Spastic? That means some form of cerebral palsy... when the motor control is damaged and the individual is unable to feel sensation of the legs or all limbs... Spastic is not to be used lightly, it always means severe brain damage and lack of function.


----------



## popeyepanda (Oct 14, 2011)

no need to be so politicaly correct =] take things with a pinch of sugar , they never meant any insult in the use of the word. 

maybe he's just coming out off his shell =] sounds like a normal ratty from what ive seen. has he got a friend?


----------



## Kiko (Sep 18, 2009)

I had no idea the real meaning for the word spastic lol I learned.

Anyways, it sounds like he may be popcorning, it's what rats do when they are very excited. They will leap around and 'pop' with no seemingly valid reason lol. I find rats mostly do it when the cage is cleaned.

If he is actually 'spazzing' as in violent seizure like movements I would be very concerned.


----------



## lilspaz68 (Feb 24, 2007)

Kiko said:


> I had no idea the real meaning for the word spastic lol I learned.
> 
> Anyways, it sounds like he may be popcorning, it's what rats do when they are very excited. They will leap around and 'pop' with no seemingly valid reason lol. I find rats mostly do it when the cage is cleaned.
> 
> If he is actually 'spazzing' as in violent seizure like movements I would be very concerned.

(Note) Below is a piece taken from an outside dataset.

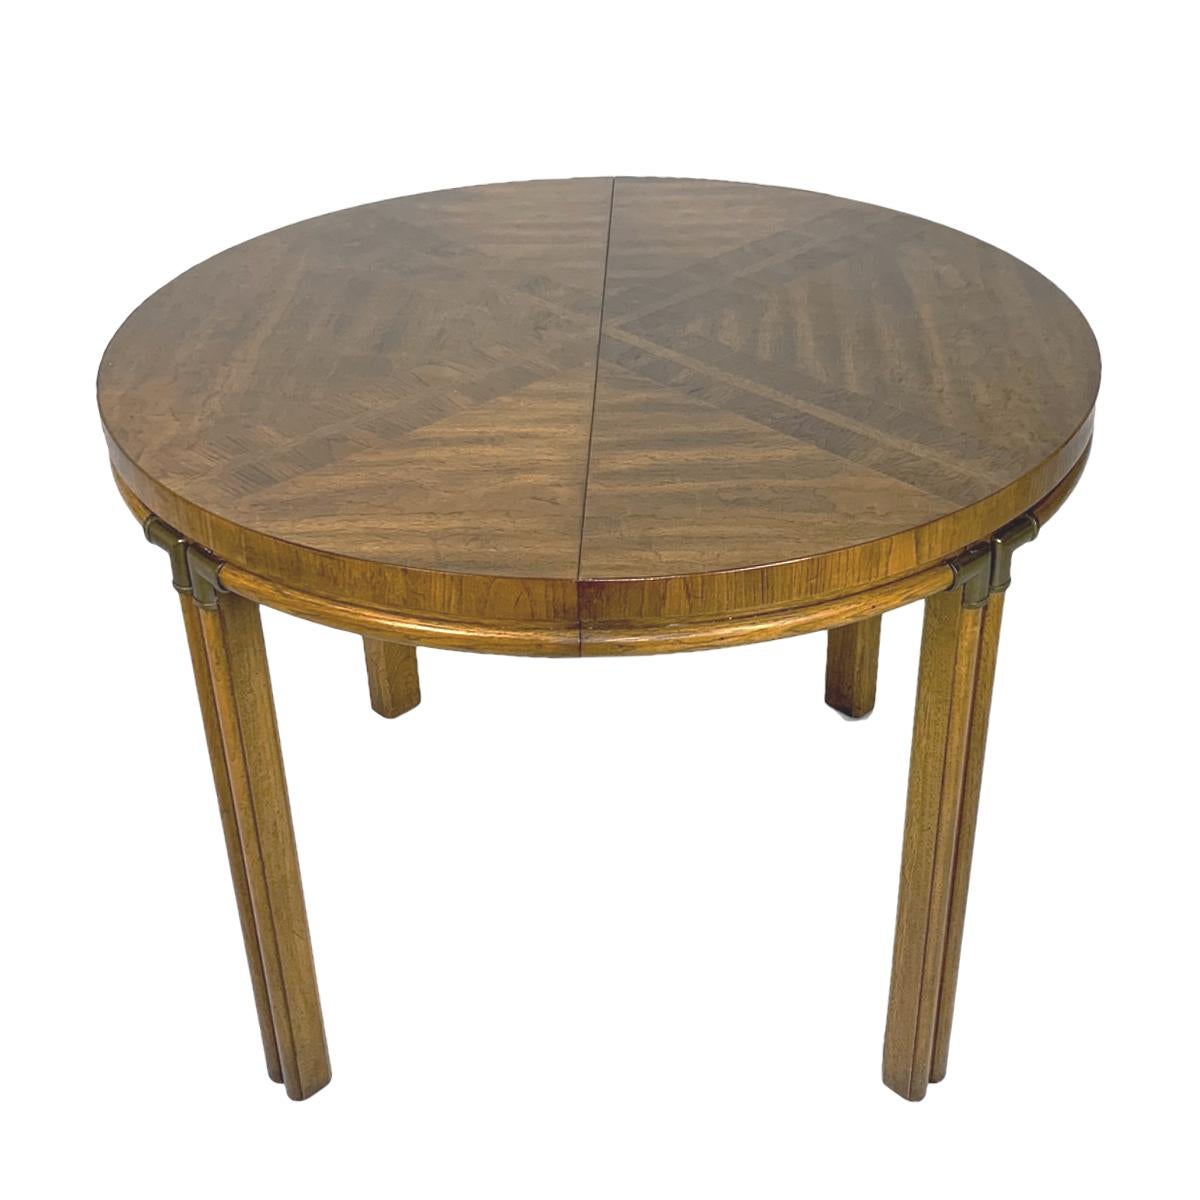 Marquetry Campaign Inlaid Burl & Pecan Round to Oval Dining Table with 2 Extension Leaves

He sounds like he's playing and popcorning and being really silly and energetic like a baby should


----------



## AllegroAssai (Jul 21, 2011)

You get PC when you have a brain damaged child...


----------



## steven_and_disney (Oct 21, 2011)

my apologies if my word offended you but i think most people(?) have a different definition for the word, but anyhow thank you everyone for the advice, i thought it might just be him being hyper, but always good to check. Also, I have noticed the "popcorning" where he just randomly starts bouncing.


----------



## Crisper (Oct 24, 2011)

i'd say he just became comfortable in his new home, alot of rats are really energetic


----------